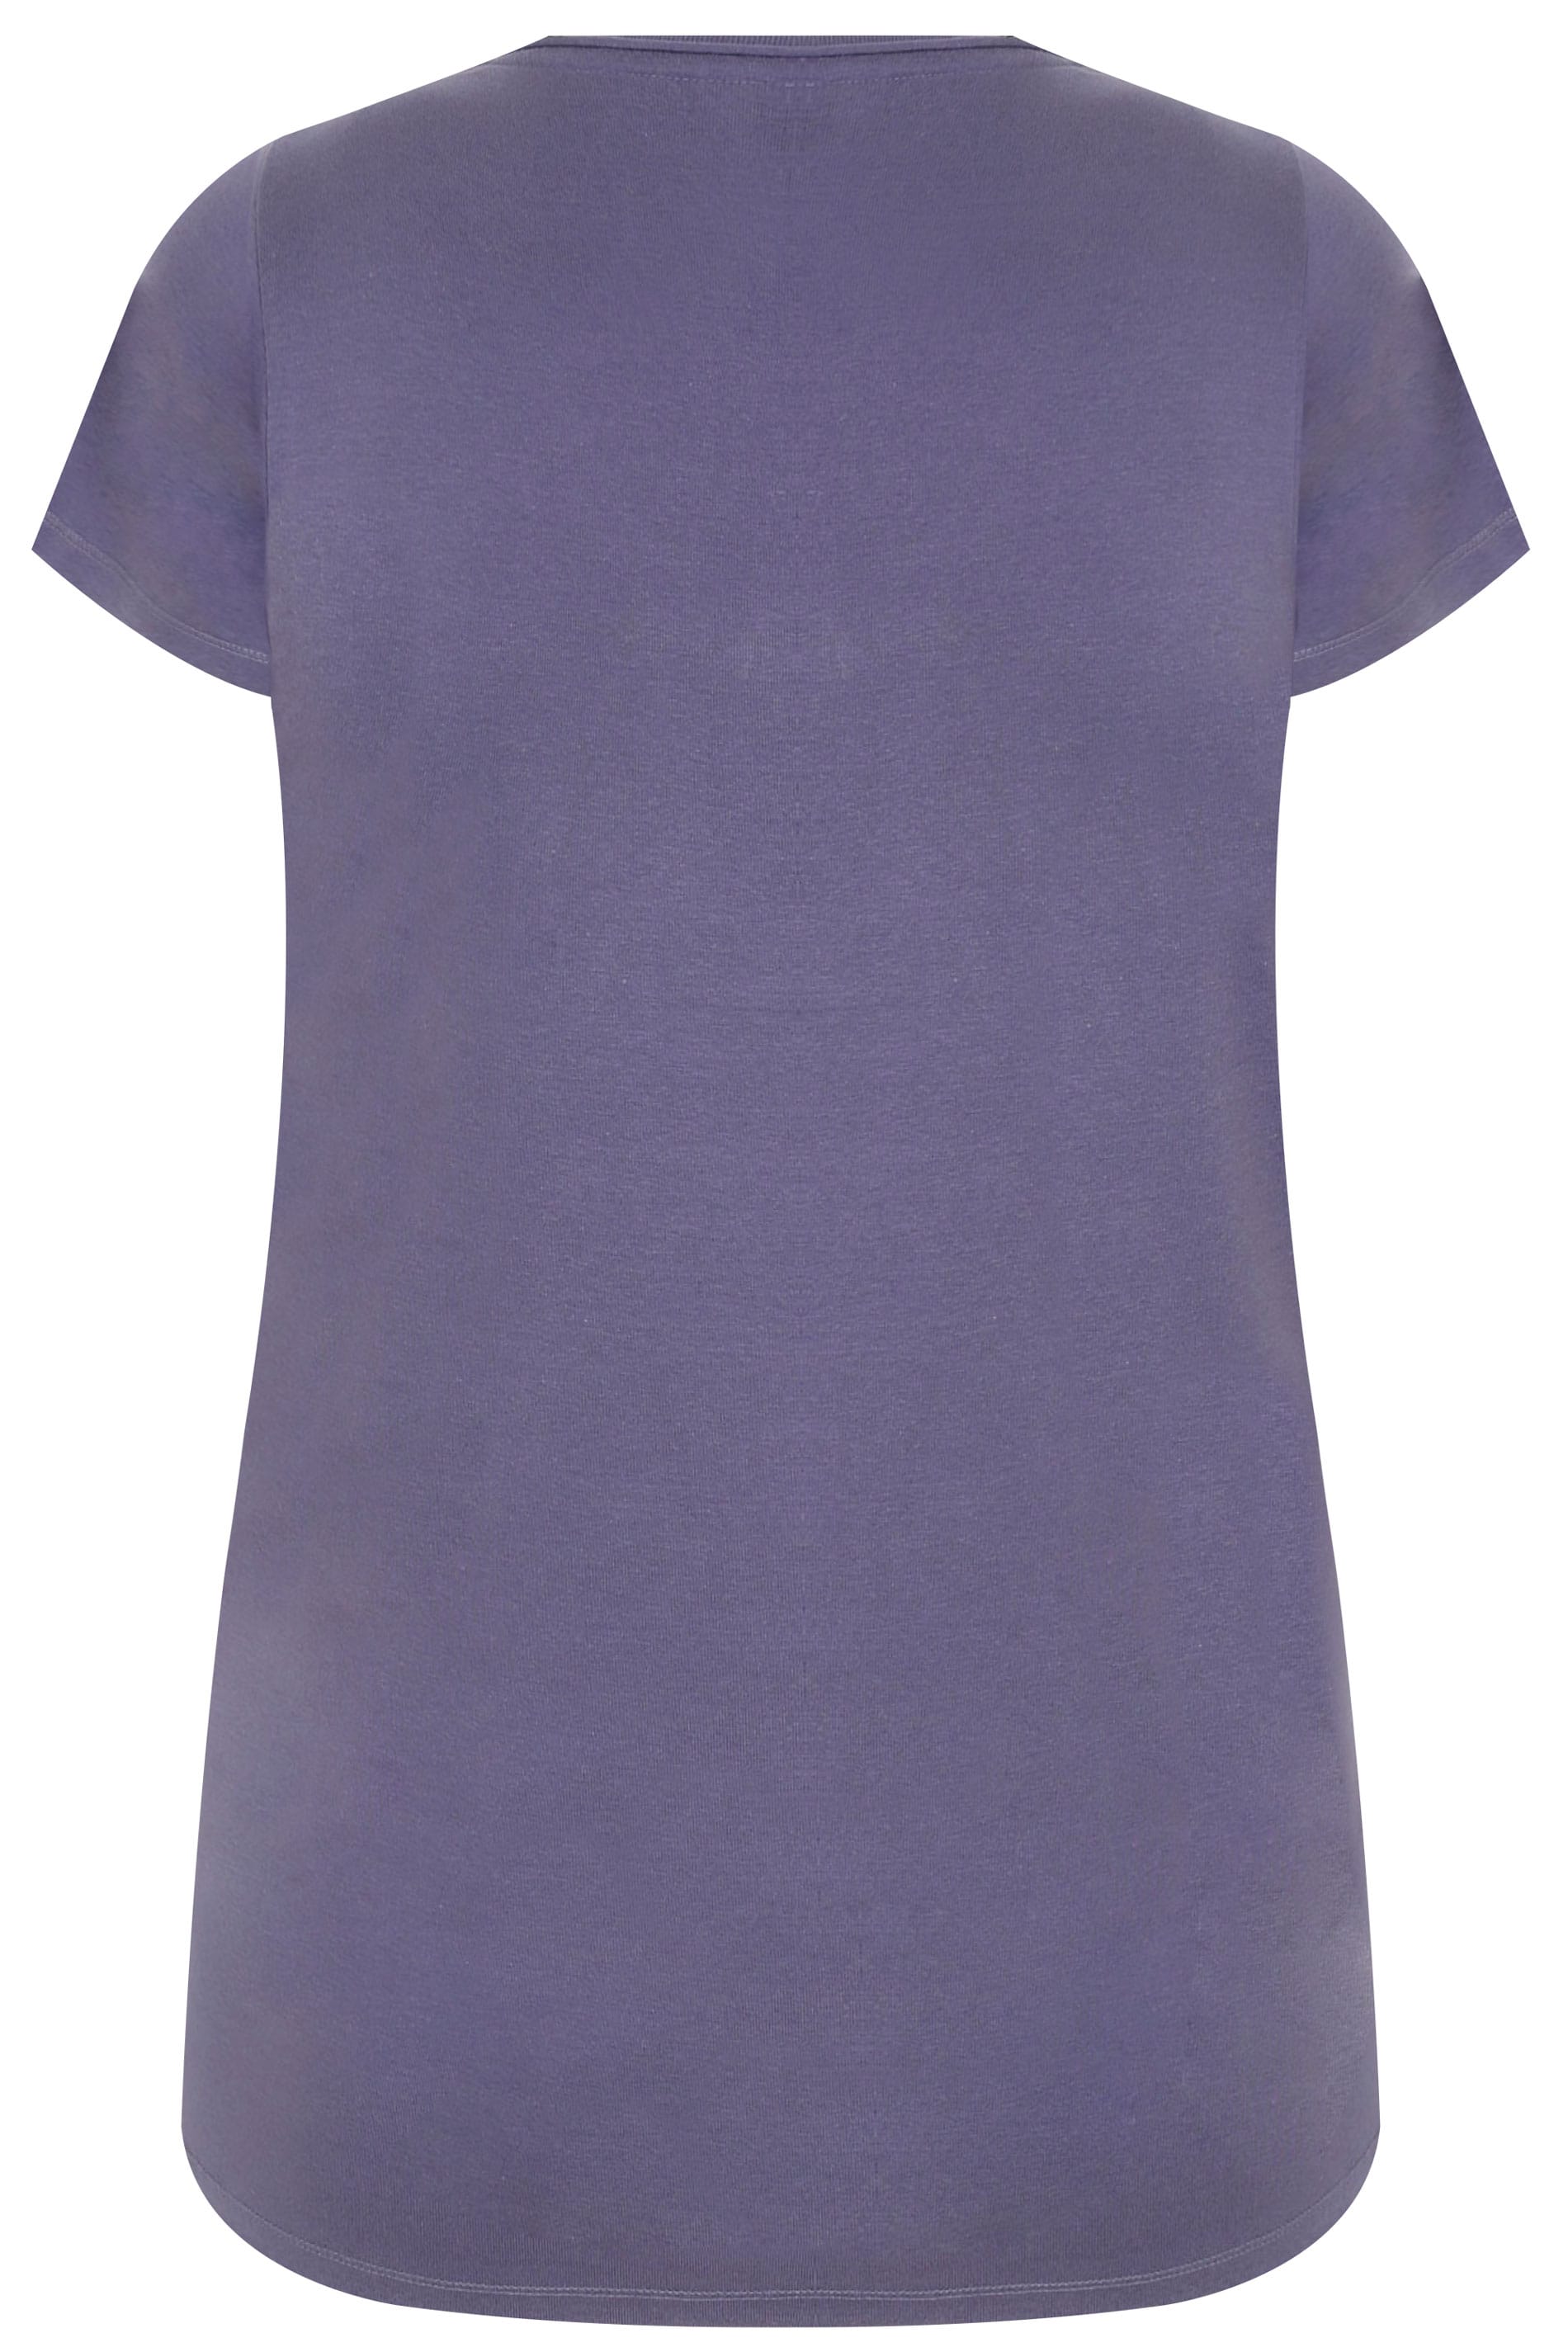 Dusky Purple Short Sleeved V Neck Basic T Shirt Plus Size 16 To 36
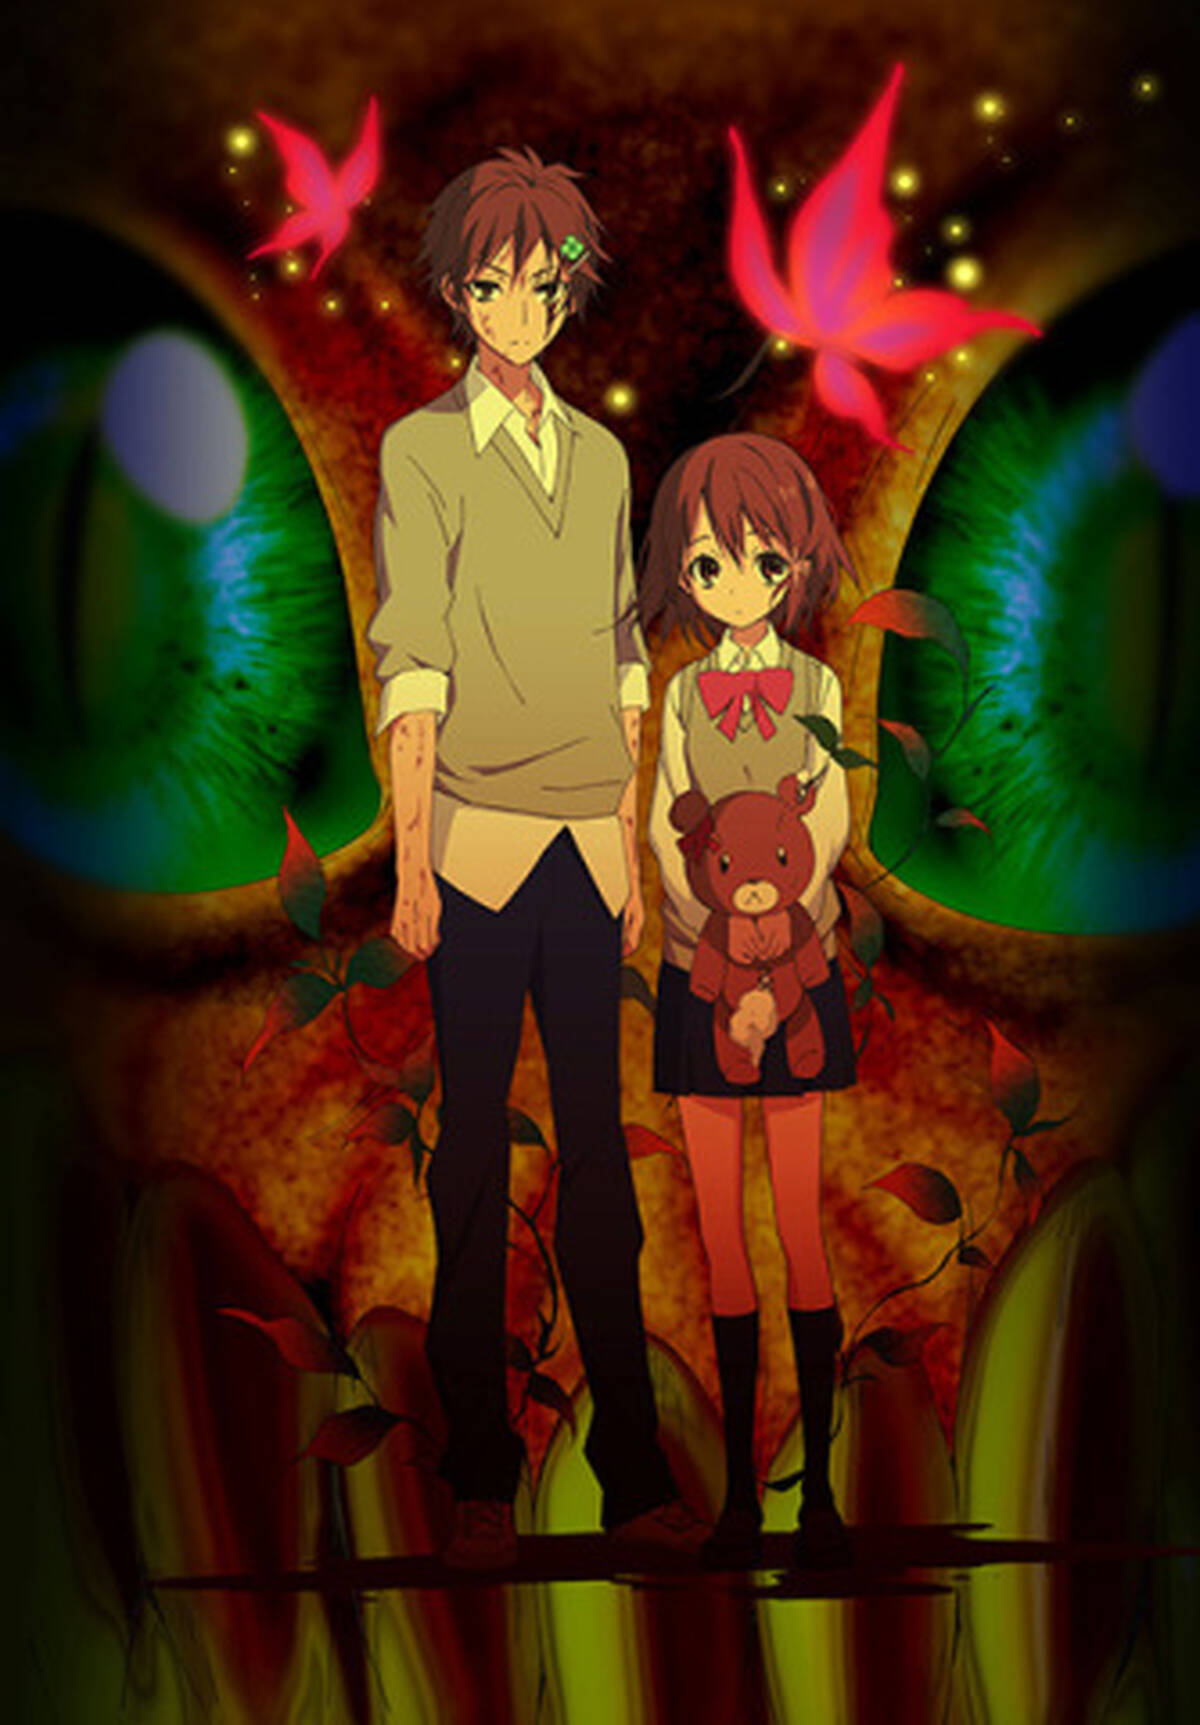 衝撃的な兄妹愛を描くtvアニメ Pupa 無修正版で第8話までを先行上映 関西地区での放送も決定 アキバ総研
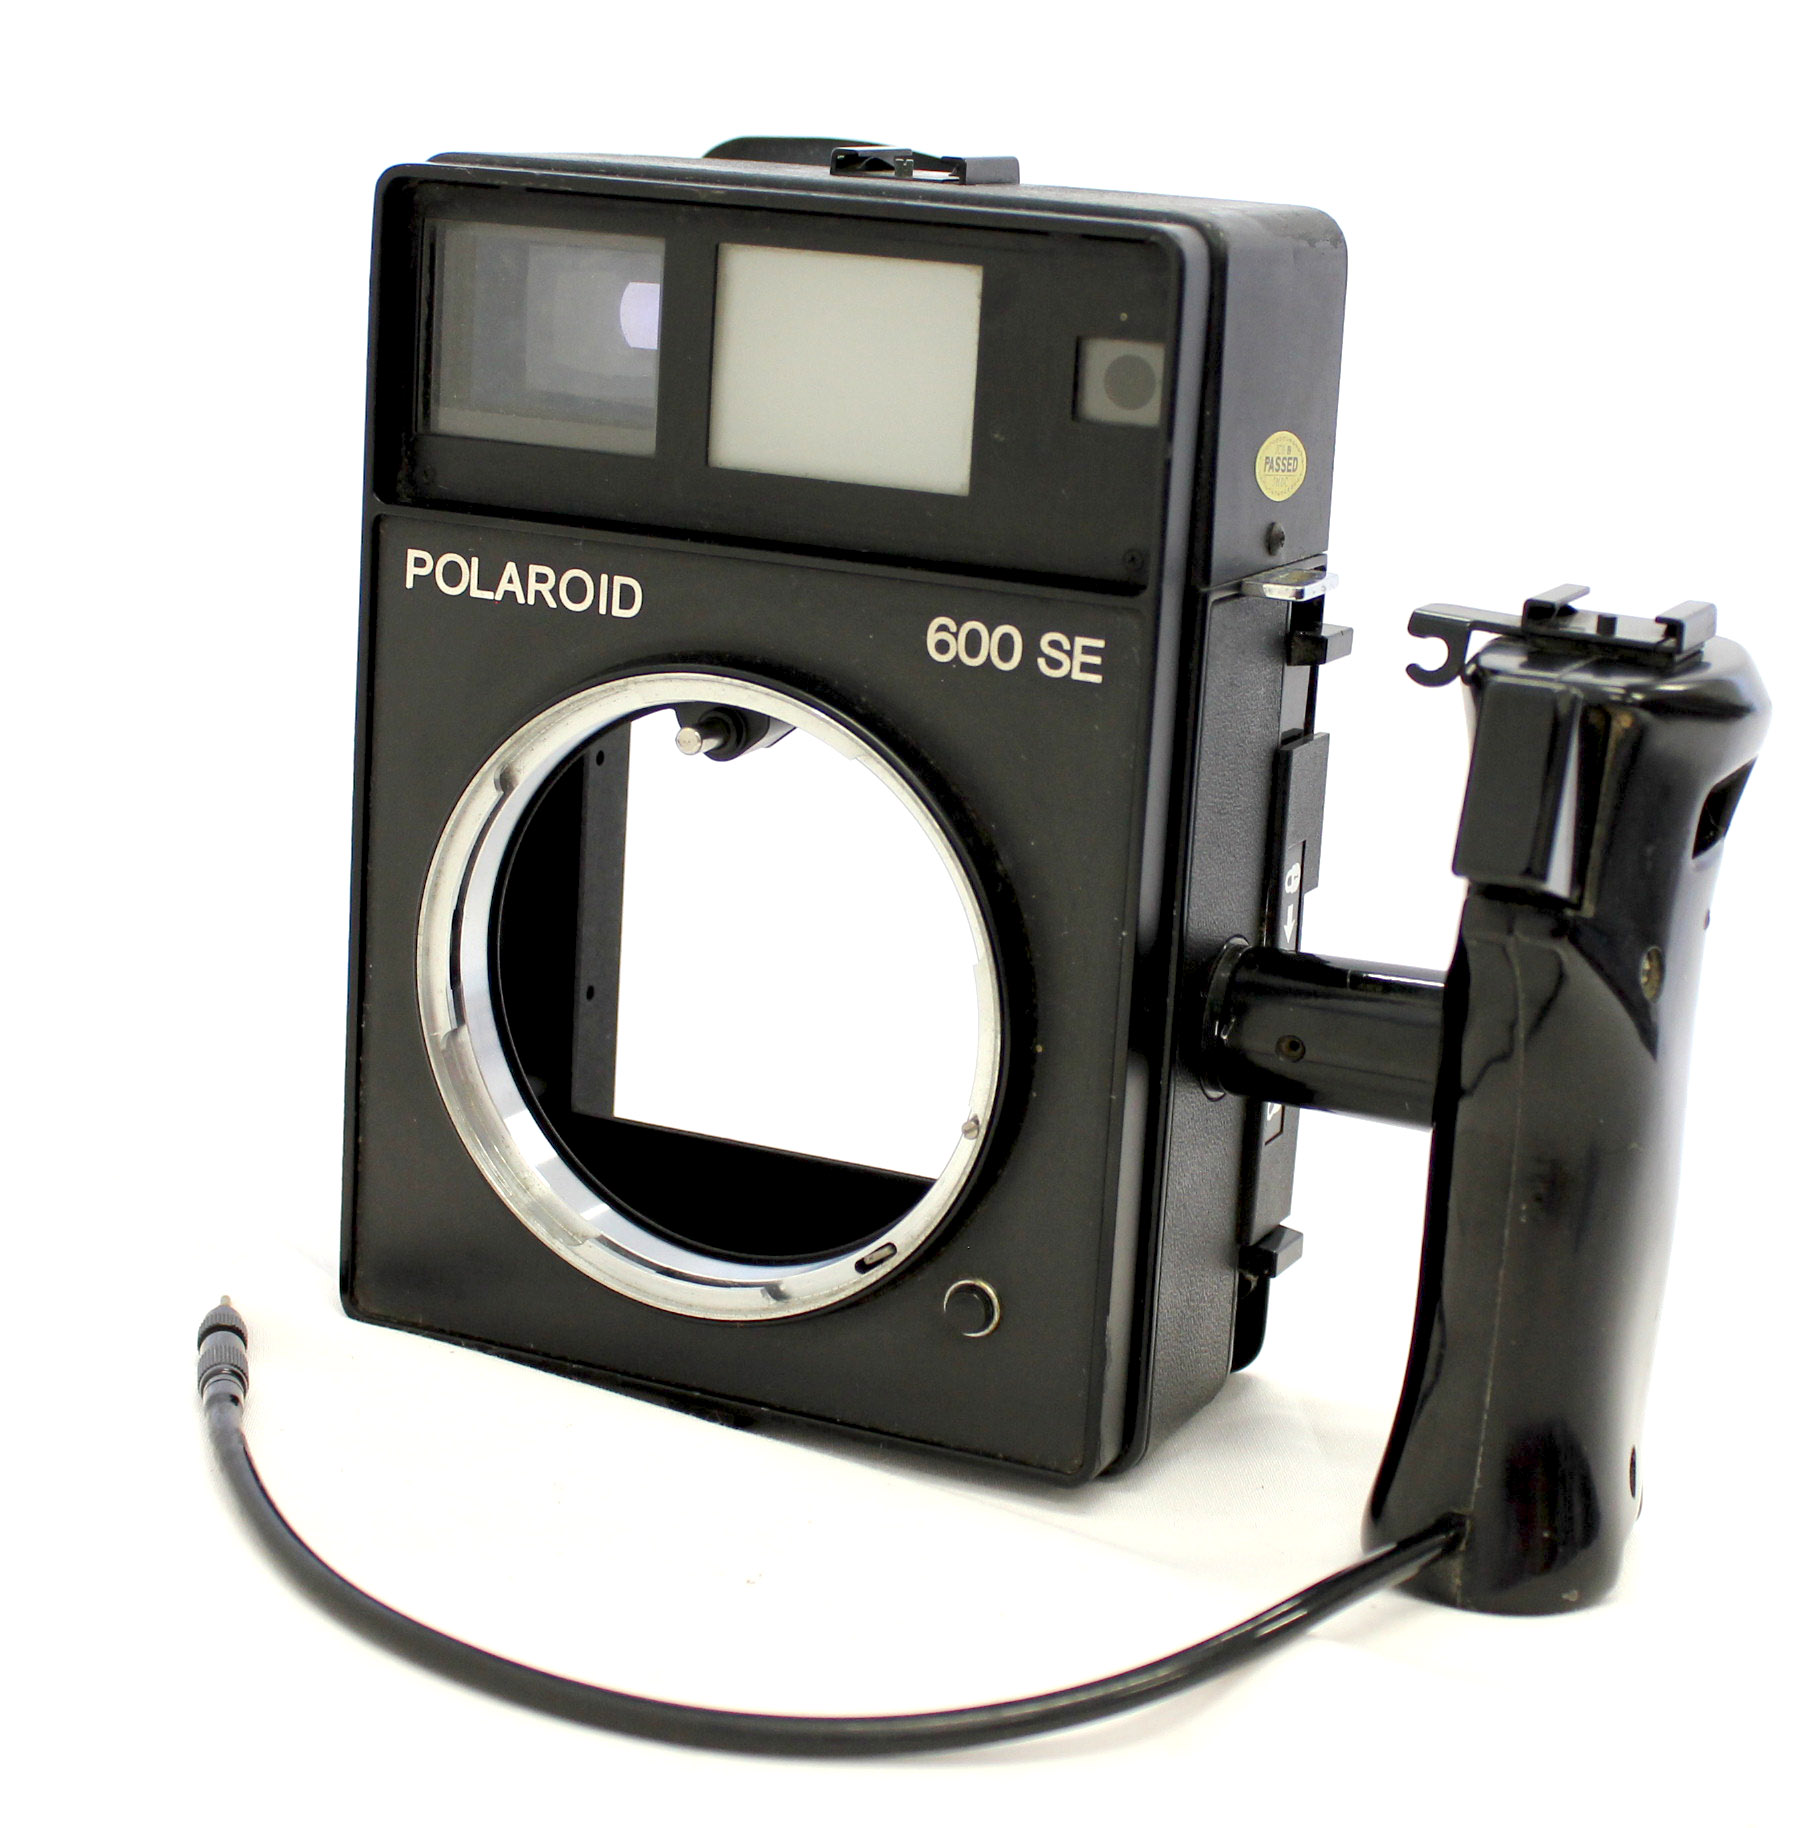  Polaroid 600 SE Instant Camera w/ Mamiya 127mm F/4.7 Lens and Polaroid Back from Japan Photo 1

┄┄┄┄┄┄┄┄┄┄┄┄┄┄┄┄┄┄┄┄

» **WHAT THIS TASK INVOLVES**:
Where the line containing "衝撃的な兄妹愛を描くtvアニメ Pupa 無修正版で第8話までを先行上映" appears, begin writing out the lines exactly, and continue through the end of the material above, omitting pictures.

» **OUTPUT OF THE EXERCISE**:
 衝撃的な兄妹愛を描くtvアニメ Pupa 無修正版で第8話までを先行上映 関西地区での放送も決定 アキバ総研
  Polaroid 600 SE Instant Camera w/ Mamiya 127mm F/4.7 Lens and Polaroid Back from Japan Photo 1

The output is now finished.